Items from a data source

►

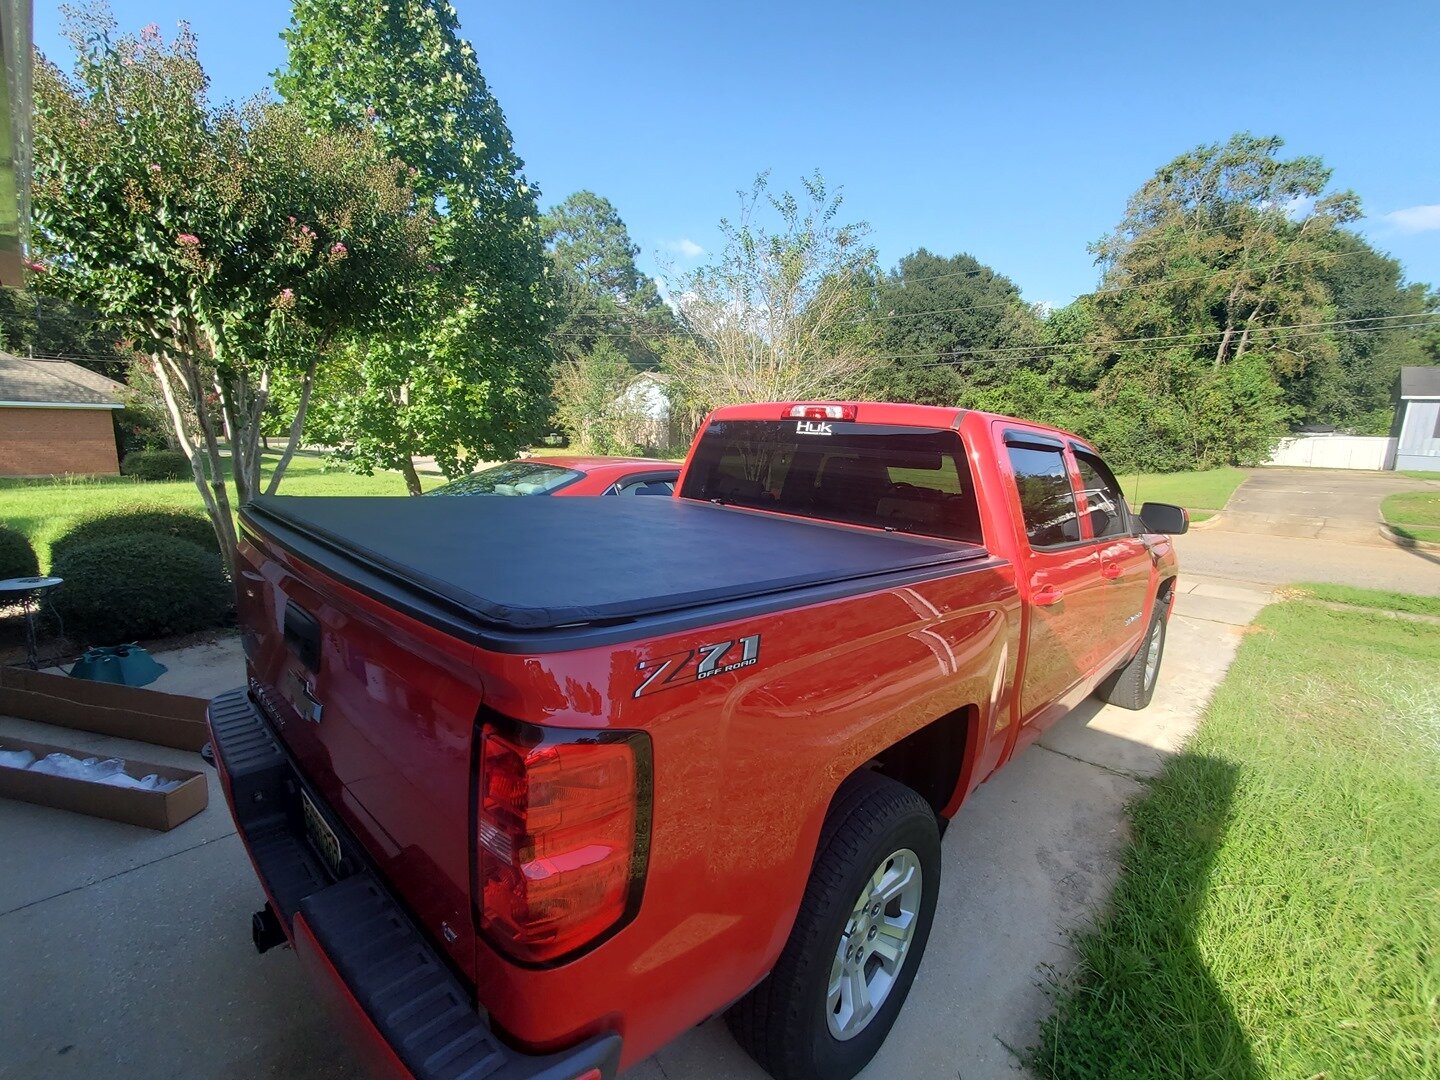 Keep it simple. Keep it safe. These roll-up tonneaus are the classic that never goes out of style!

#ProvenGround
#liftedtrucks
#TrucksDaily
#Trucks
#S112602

◄

Set down every entry above exactly as written. Leave out all pictures.

● ANSWER SECTION
 Keep it simple. Keep it safe. These roll-up tonneaus are the classic that never goes out of style!

#ProvenGround
#liftedtrucks
#TrucksDaily
#Trucks
#S112602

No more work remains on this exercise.